# breakup advice for my friend



## sushi (May 2, 2010)

so i have this friend i'mm with right now and she's totally depressed about her ex coz she just found out her ex is dating the girl that her ex always told her he'd never date and now she's crying and just being totally depressed i just don't know what to say anymore. its been four months since they broke up and she still can't move on. what the hell do i tell her now???? i keep telling her she'll find another guy to make her feel special again but she doesn't believe she will coz this guy was her first love and all.i jst dont know what to say anymore


----------



## SF4L (May 19, 2010)

You can't really tell her anything. Only she can move on when she's ready. Just being there to listen is probably helping alot more than you think it is.


----------



## Miraji (Mar 12, 2010)

try to make her get rid of all memories she have with him, and keep nothing ..by this way she will start getting used to the idea he is gone and will start recover...but this will need time


----------



## Ungweliante (Feb 26, 2009)

She thinks that her life is empty without the guy; lacks meaning.
With the guy, it felt meaningful. 

Yet clearly the guy was not the true love,
he is now seeking meaning from elsewhere.

She clings to the past, wishing it to come back;
yet it is already gone. 

From where should she look then?
All true happiness is found only within the present moment.


----------



## SeekJess (Nov 1, 2009)

I dunno just listening is the best advice I can give, if she asks your opinion answer honestly. Don't spare her feelings, shes already hurt.
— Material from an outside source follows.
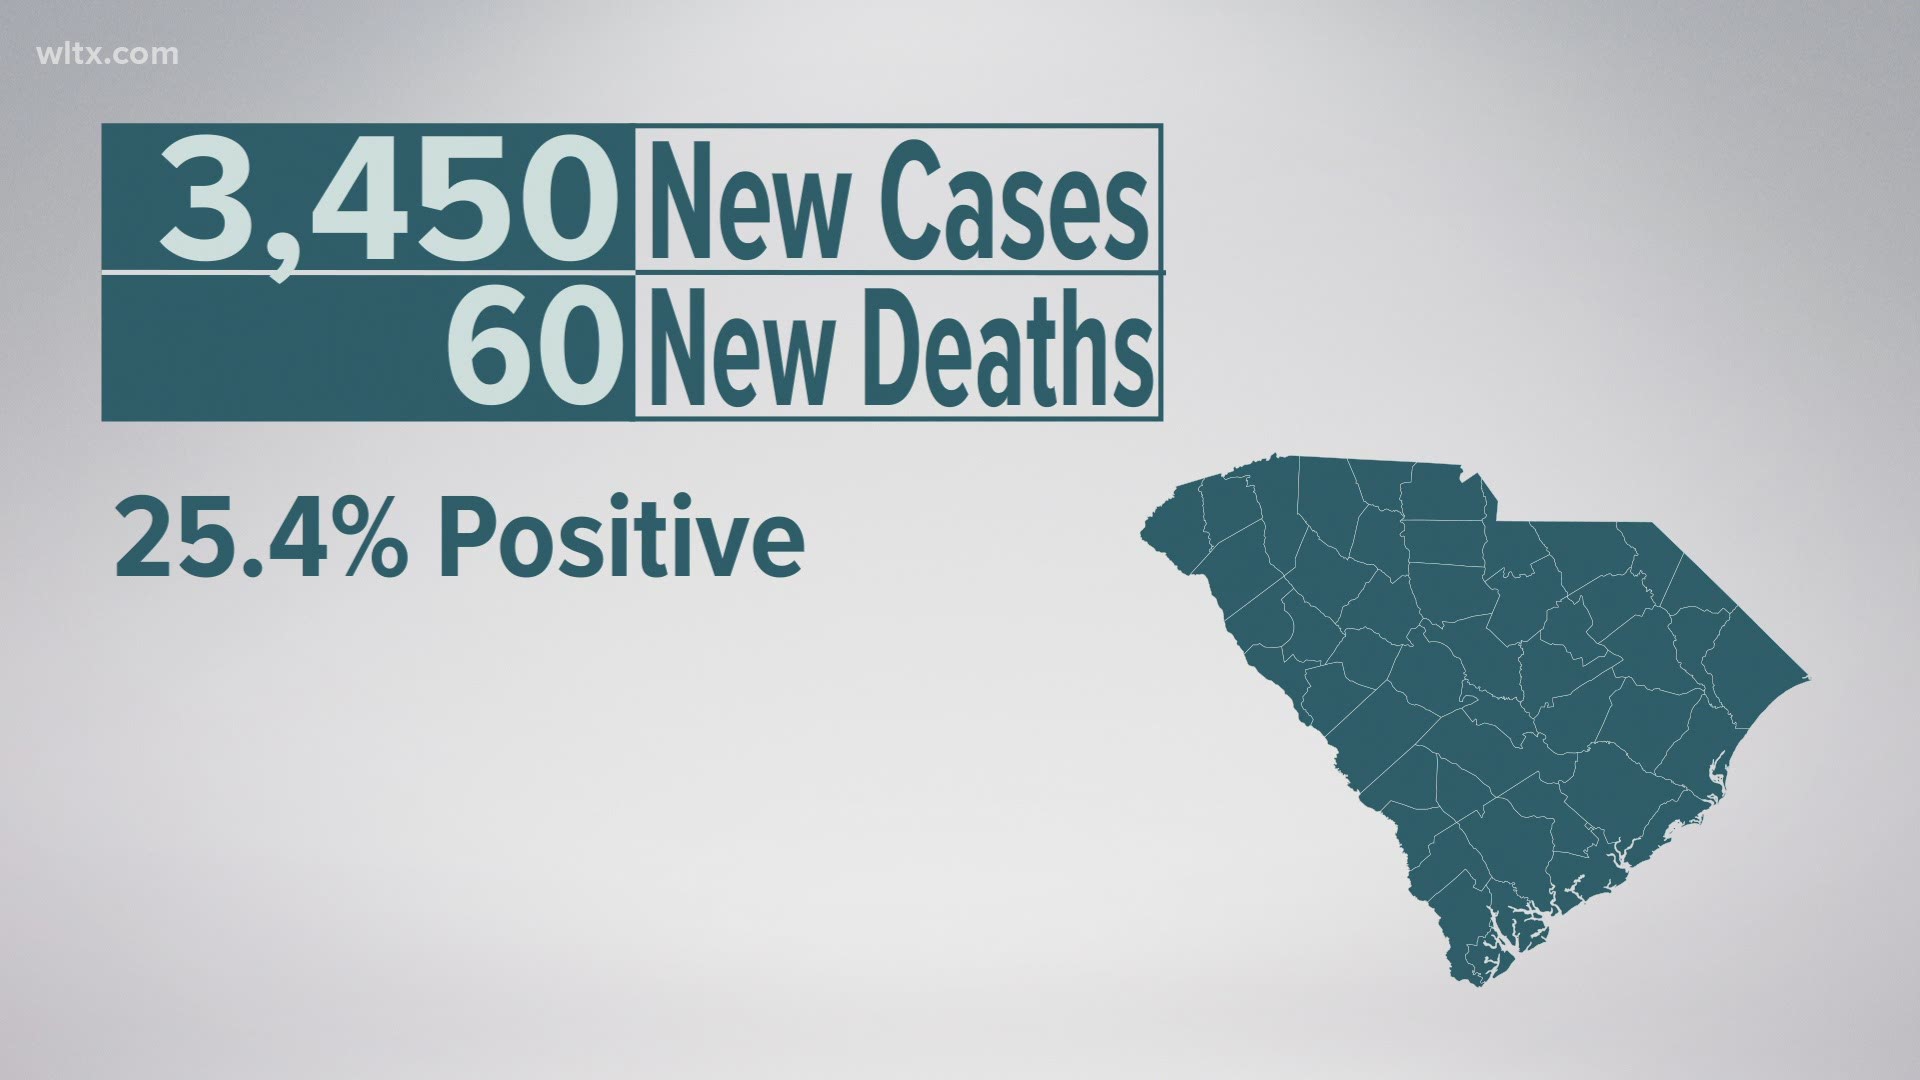 Total number of deaths attributed to coronavirus in South Carolina closing in on 6,000 according to Department of Health and Environmental Control

What good is it gonna do to sugar coat things at this point anyway? I have a hard time getting over past relationships because I go into the what if mode, what if I did this or that? Infact my ex broke up with me in Sept. And I just now got over it, like in the past week or so.


----------



## sushi (May 2, 2010)

thanks for the responses. hopefully she reads all this herself.


----------



## Crystall (Mar 30, 2010)

Make her some cookies!


----------